Dataset section:
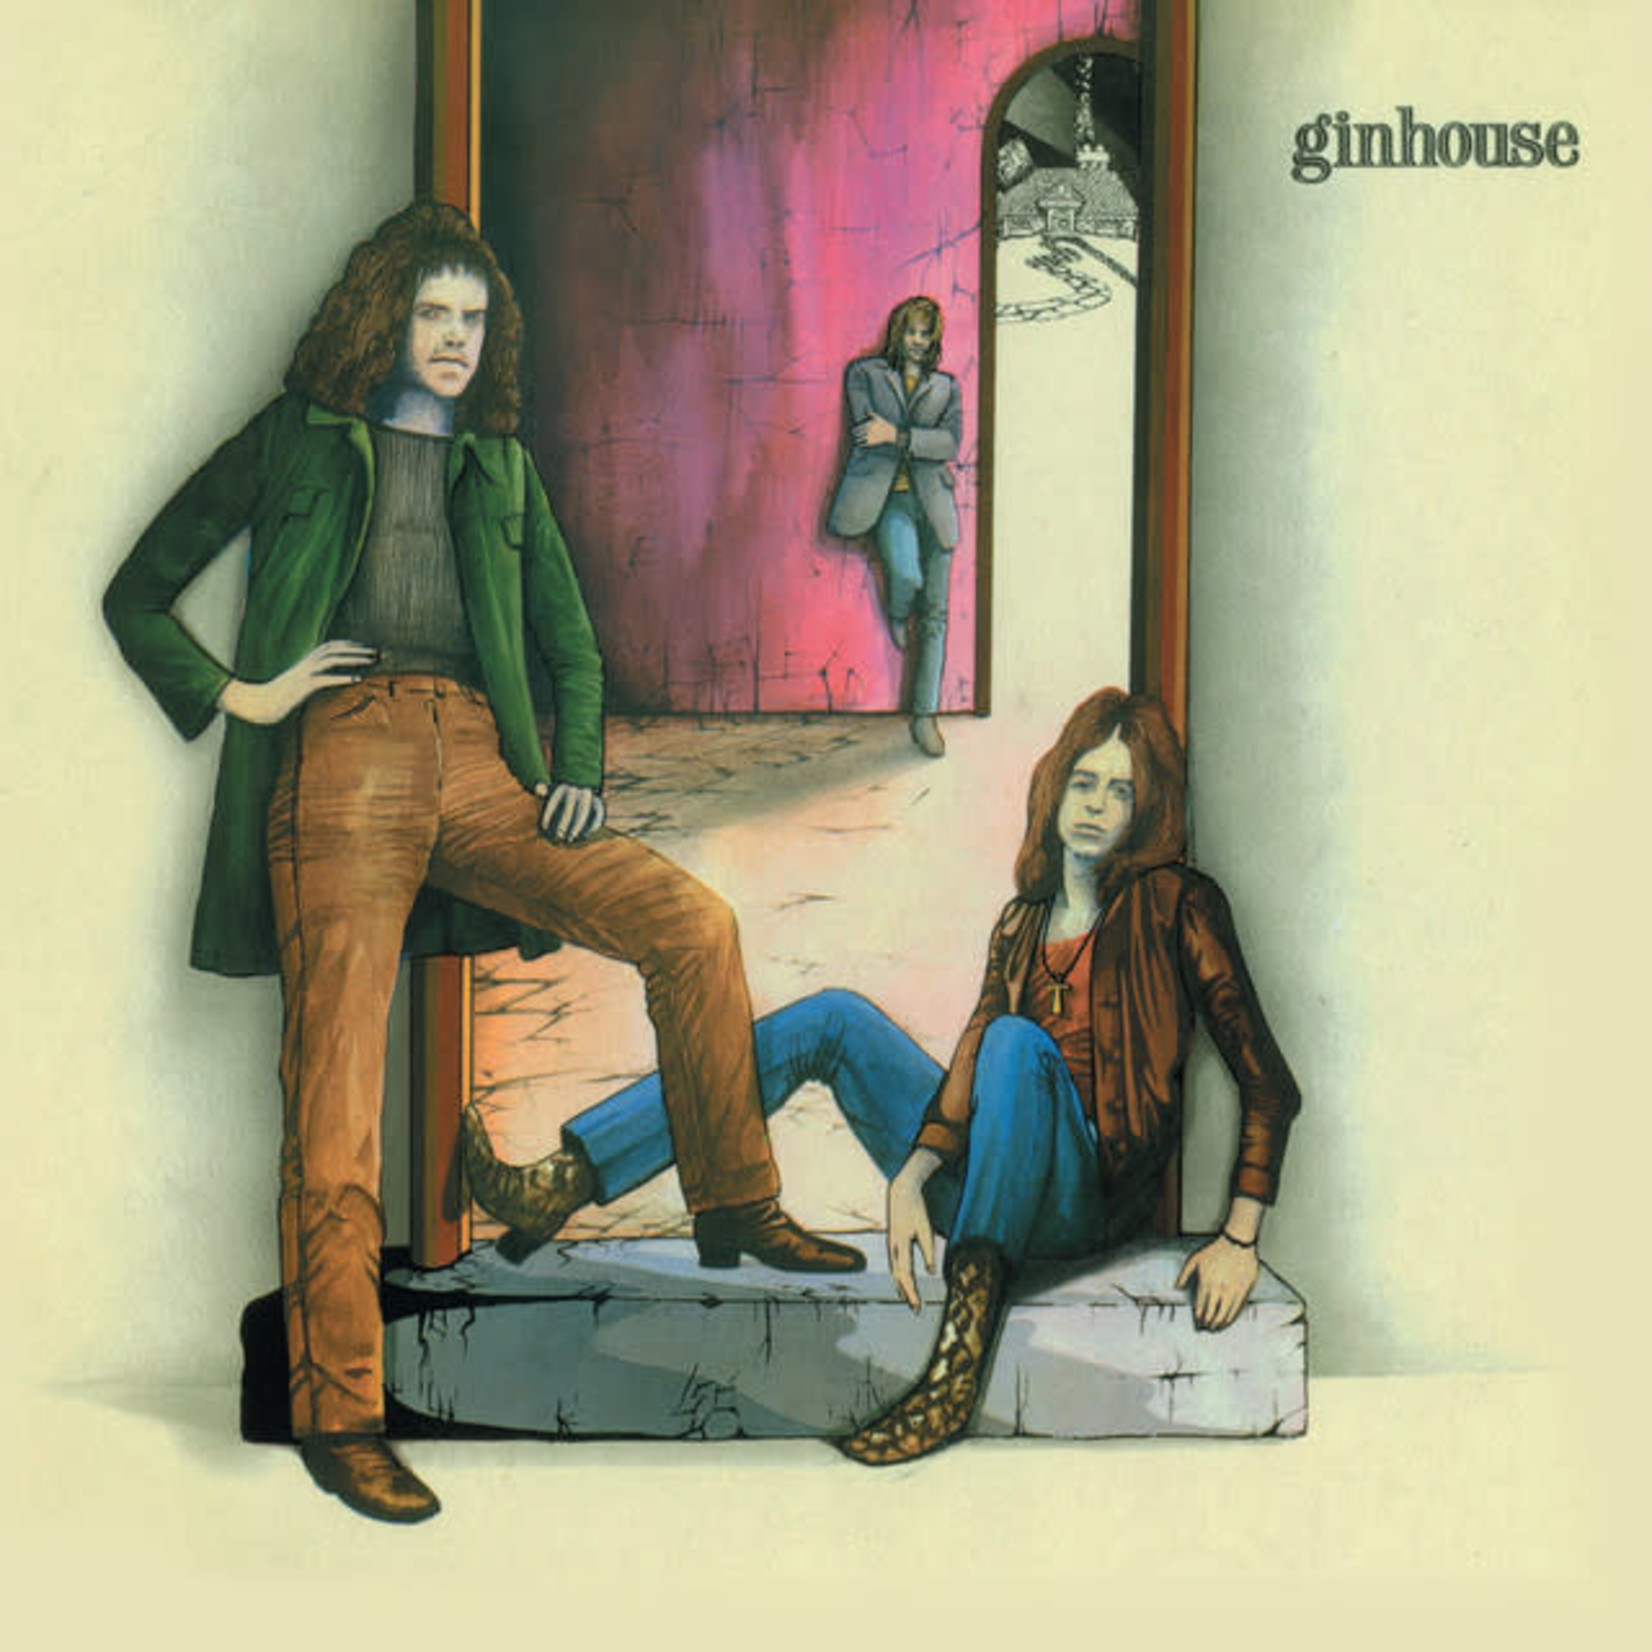 Vinyl Ginhouse - ST
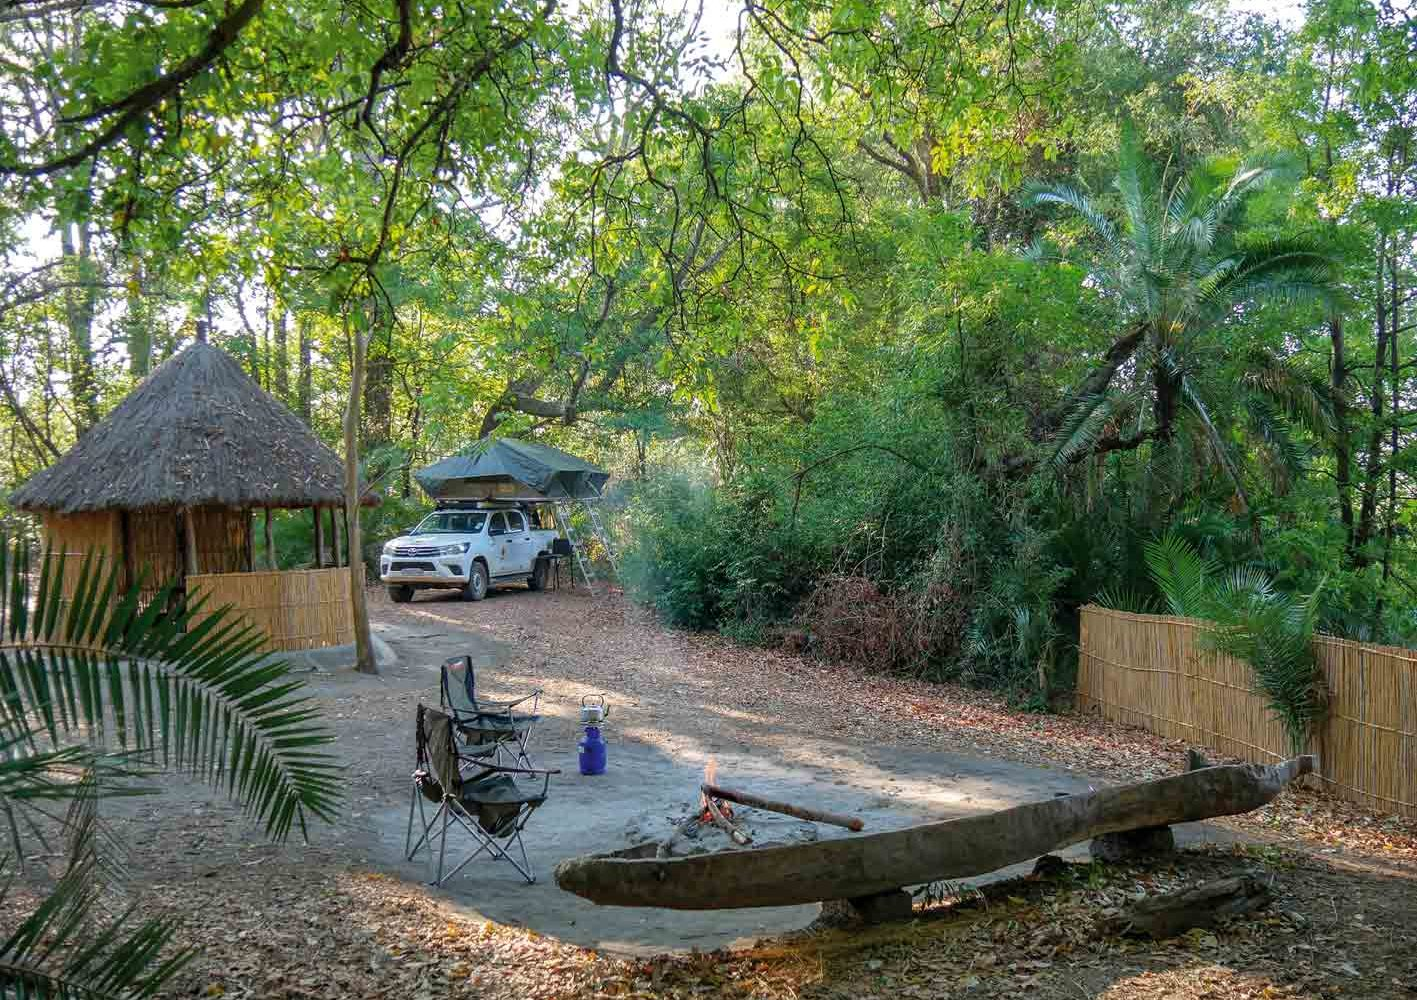 Camping-Leben während der 4x4-Selbstfahrer-Safari in Zambia
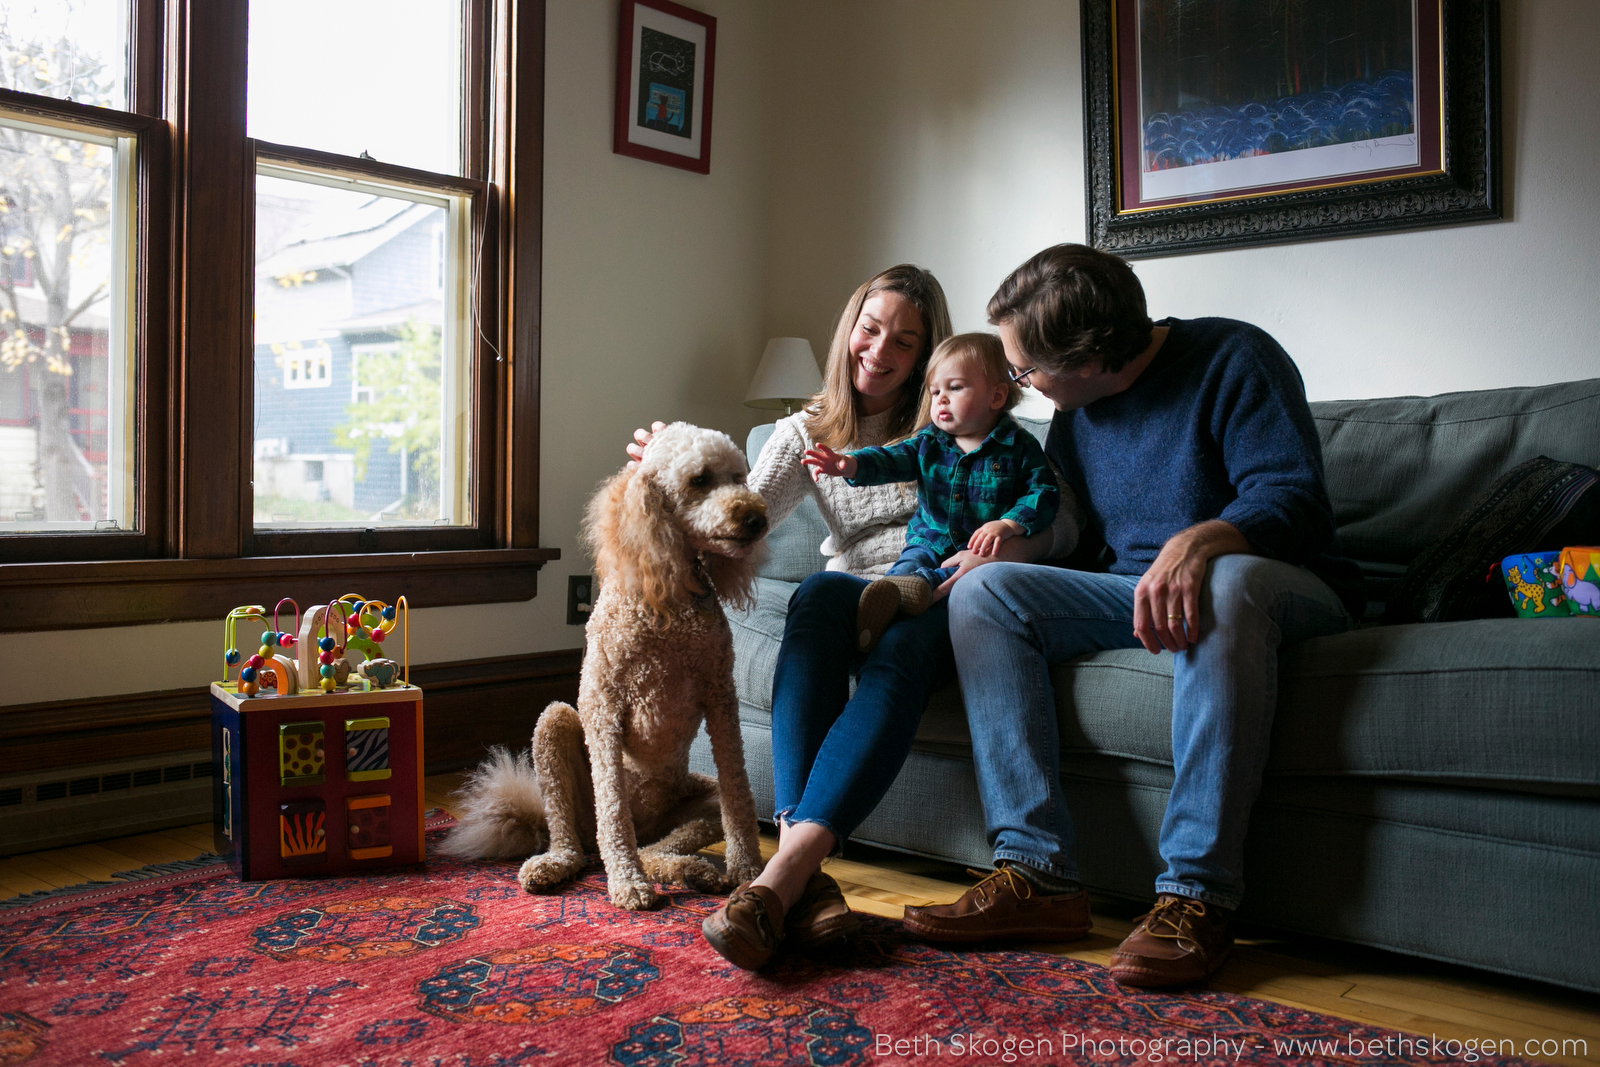 Beth Skogen Photography - Family

Problem to work on:
Skip every picture, and give the rest of the material above again exactly.

Solution to the problem:
 Vinyl Ginhouse - ST
 Camping-Leben während der 4x4-Selbstfahrer-Safari in Zambia
 Beth Skogen Photography - Family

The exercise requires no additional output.